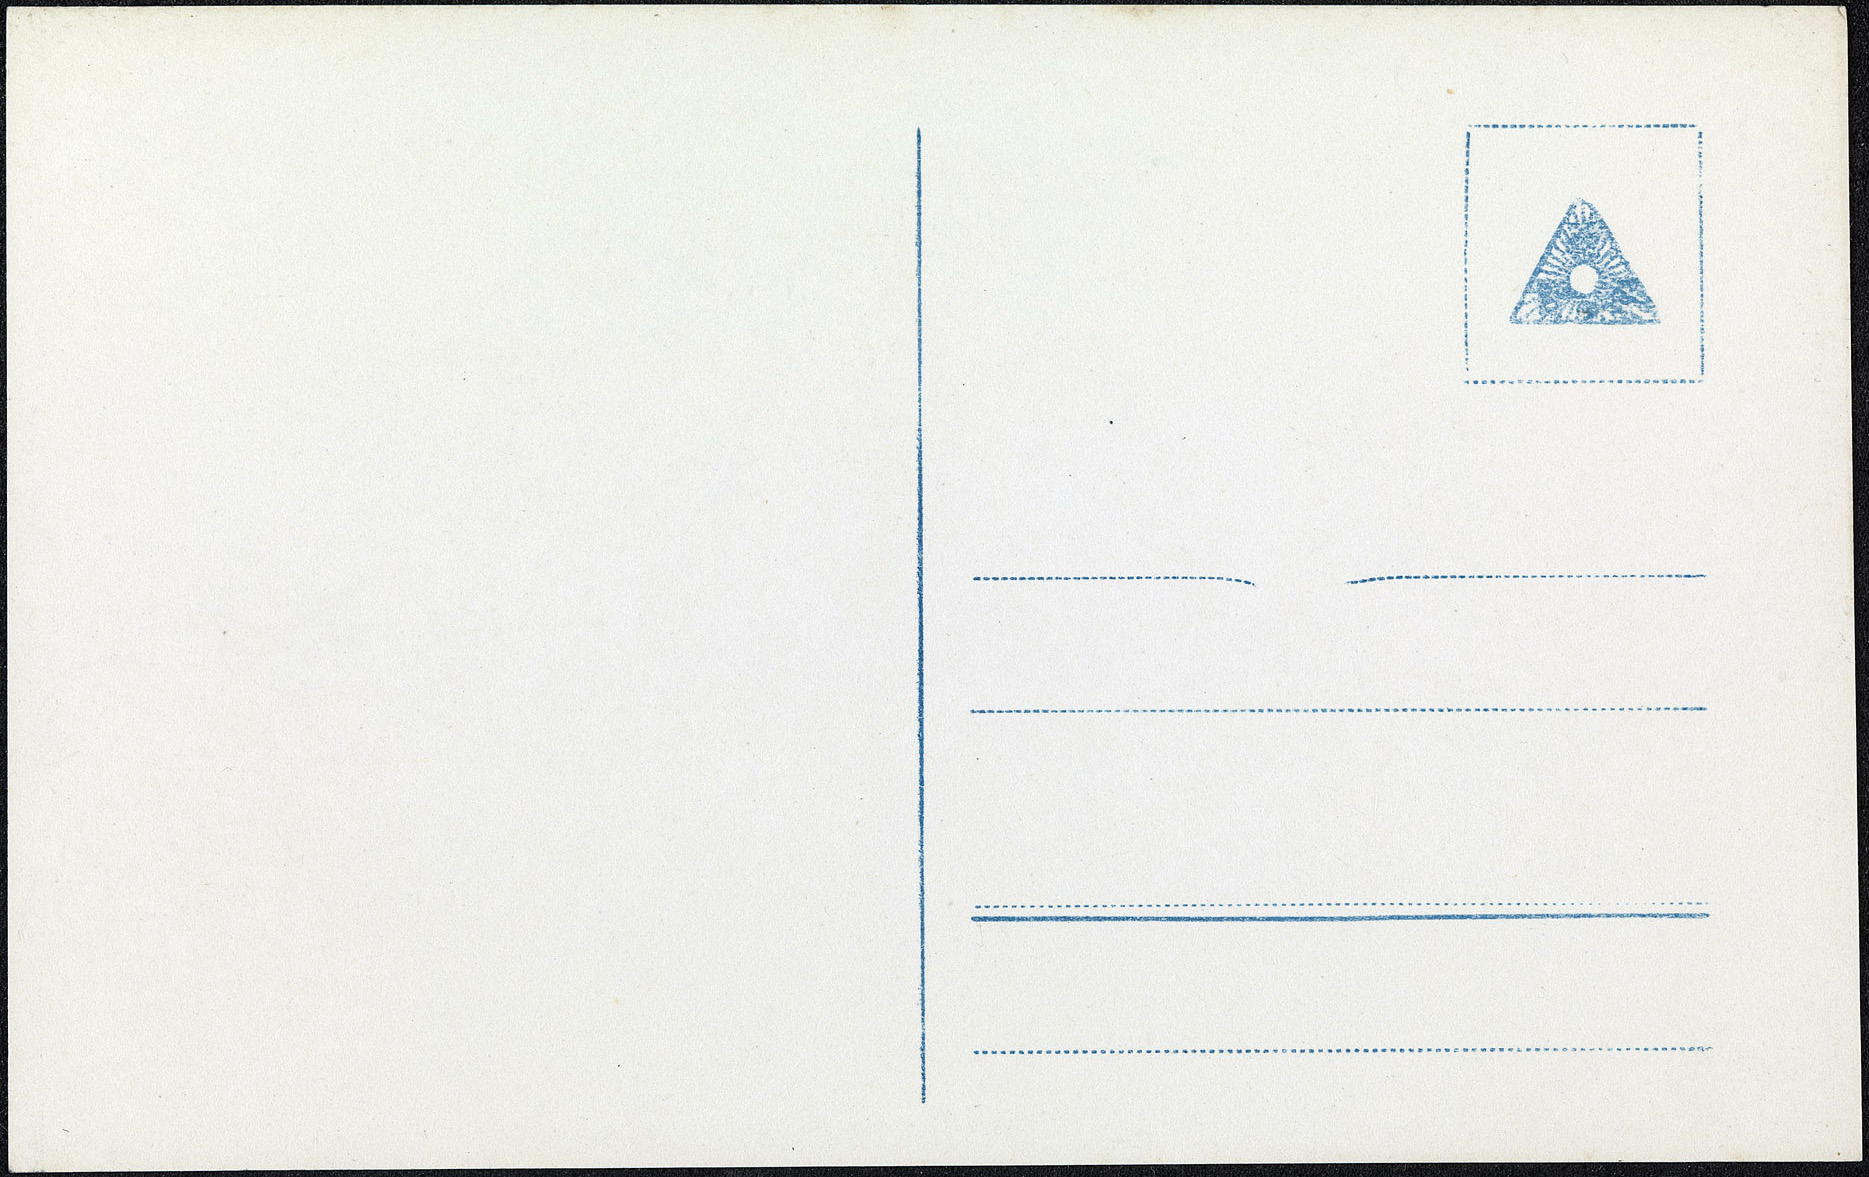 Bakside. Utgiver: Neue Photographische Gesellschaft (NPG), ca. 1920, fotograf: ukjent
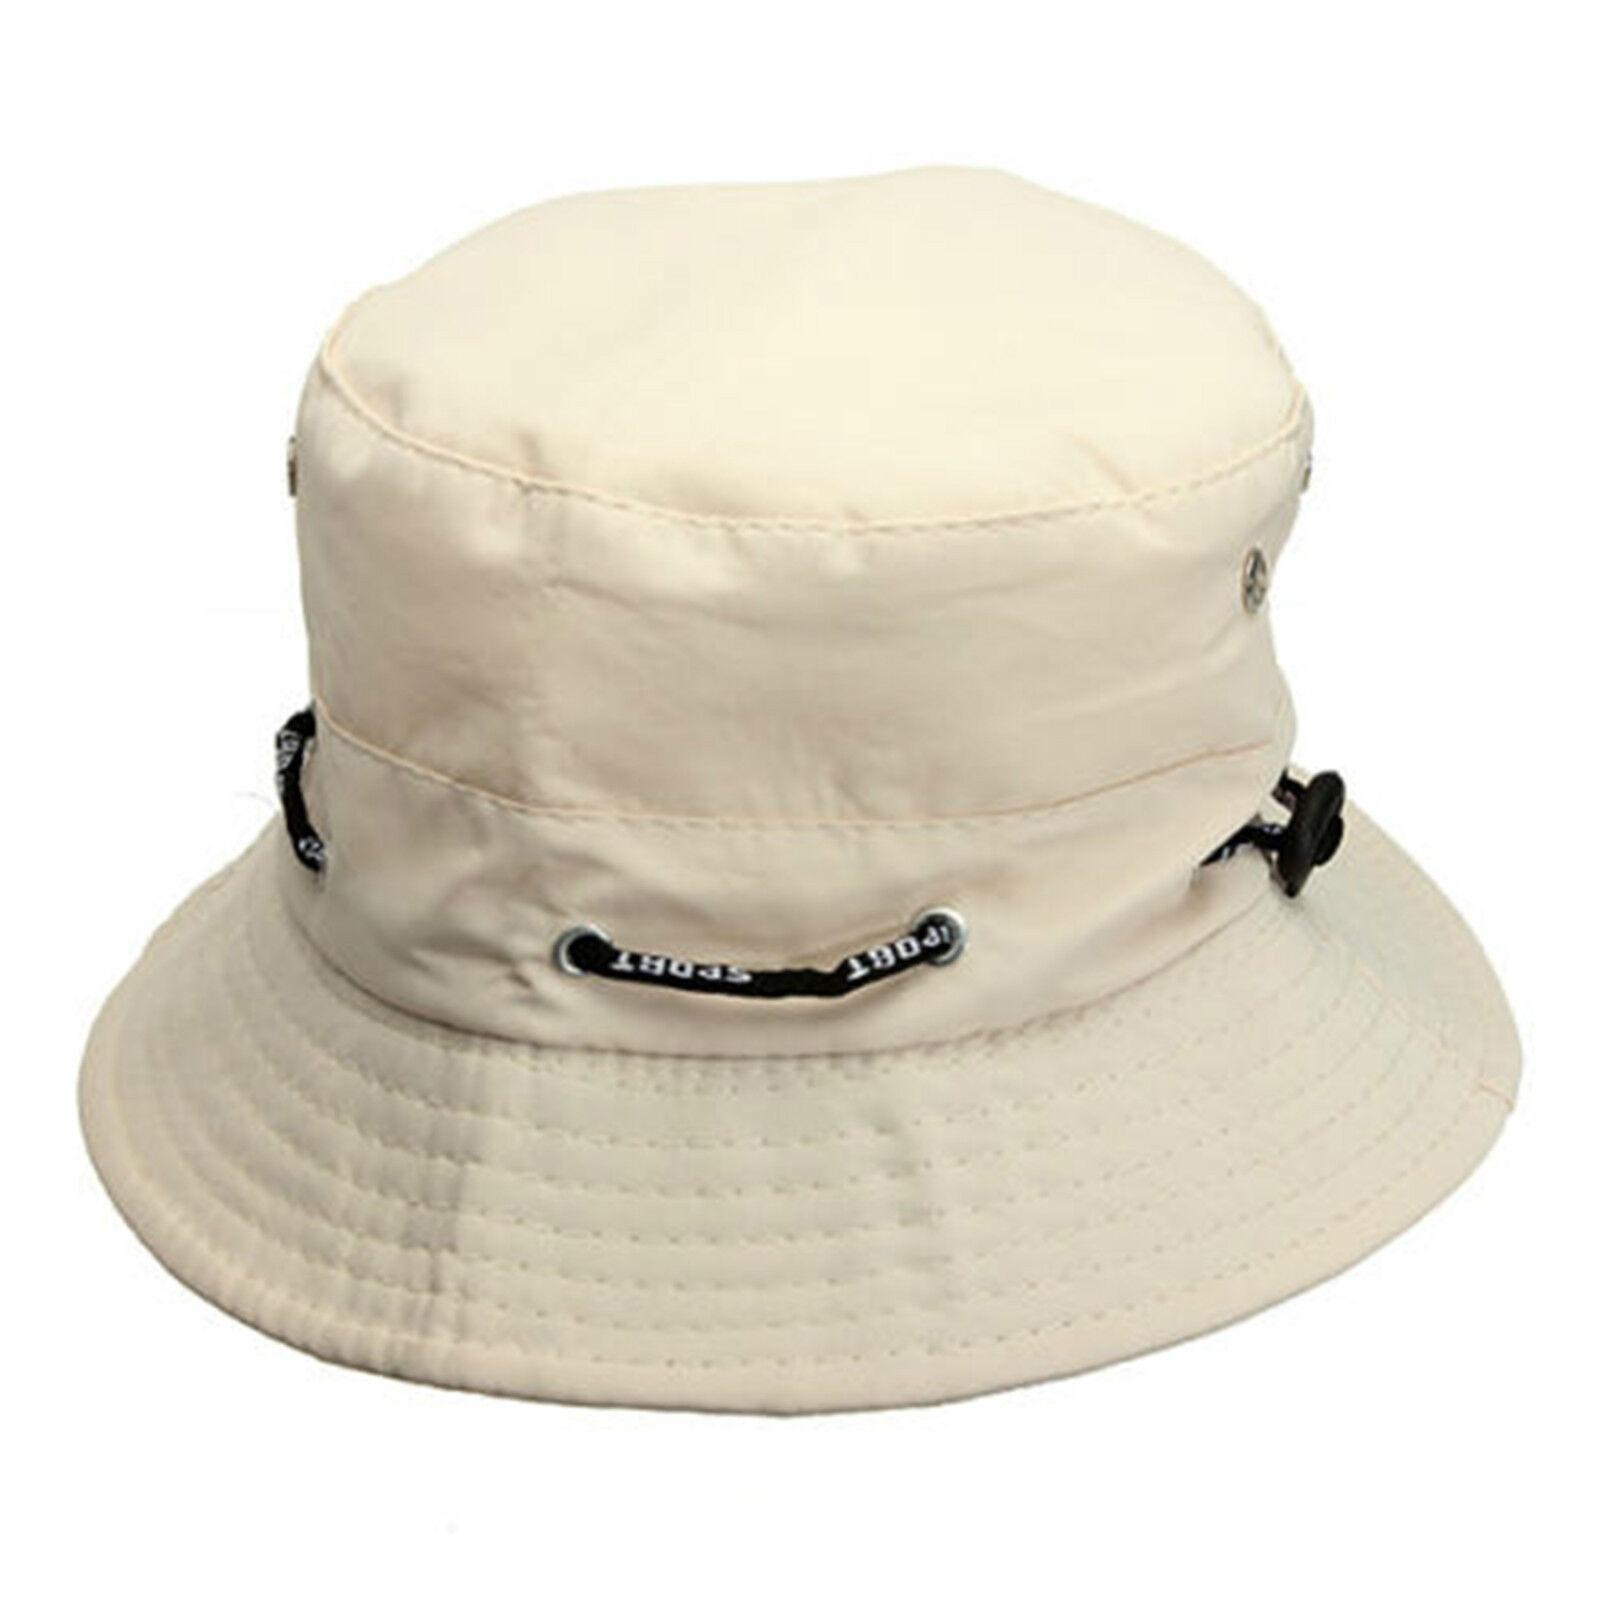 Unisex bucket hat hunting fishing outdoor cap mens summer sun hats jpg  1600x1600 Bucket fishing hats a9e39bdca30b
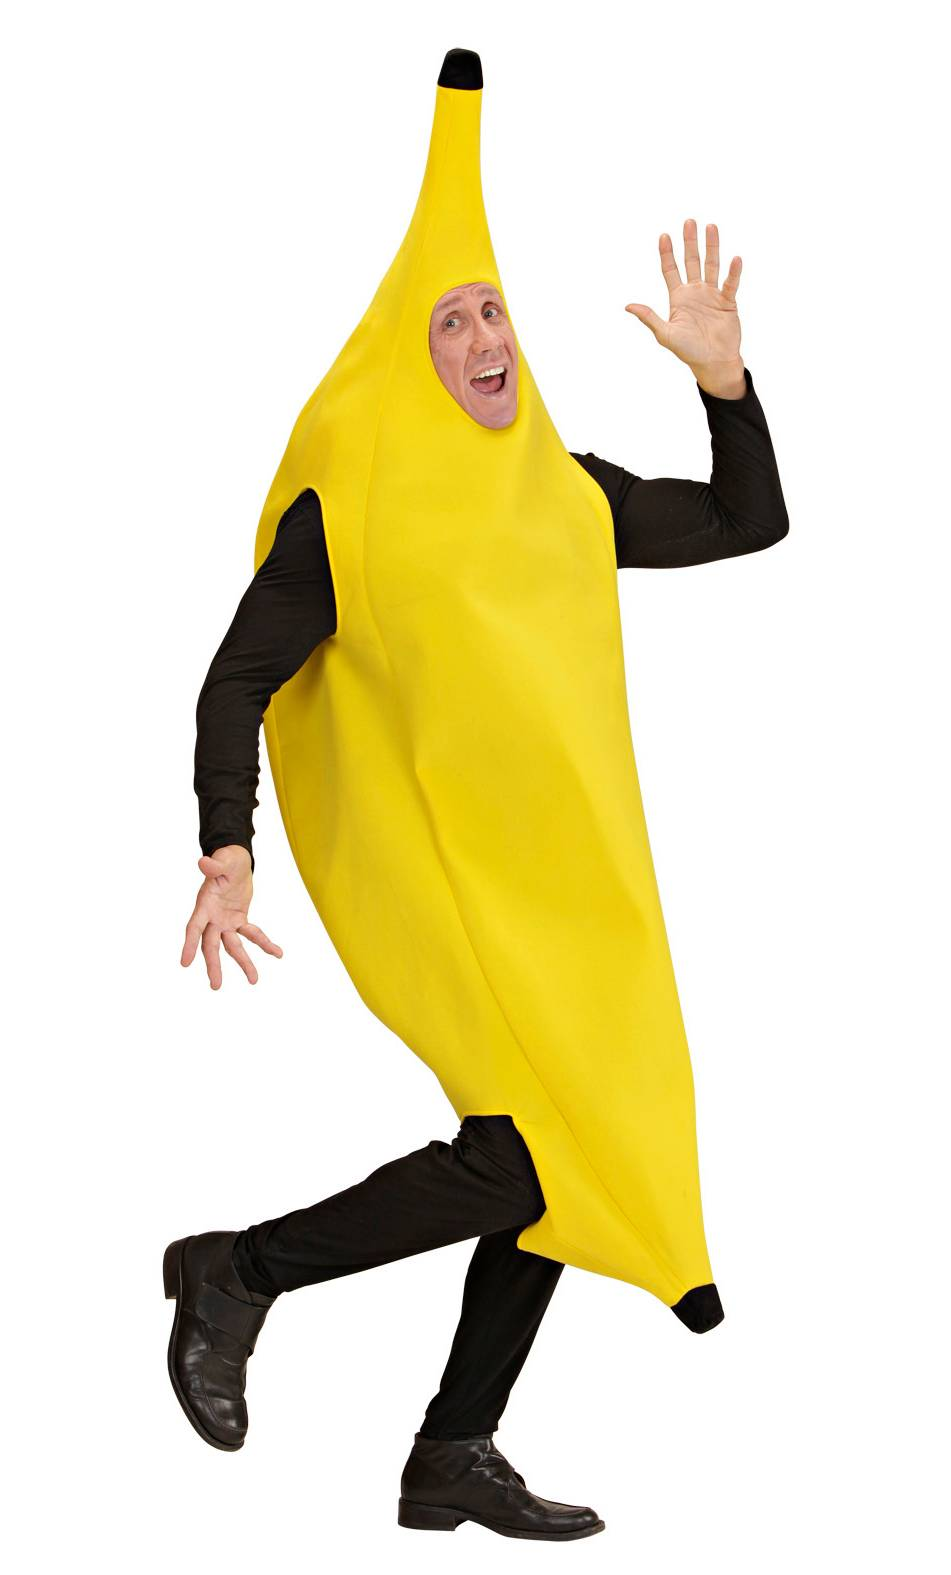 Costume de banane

____________________

→ **PROMPT**: Drop the images and repeat the data exactly.

→ **WRITTEN REPLY**:
 Bakside. Utgiver: Neue Photographische Gesellschaft (NPG), ca. 1920, fotograf: ukjent
 Unisex bucket hat hunting fishing outdoor cap mens summer sun hats jpg  1600x1600 Bucket fishing hats a9e39bdca30b
 Costume de banane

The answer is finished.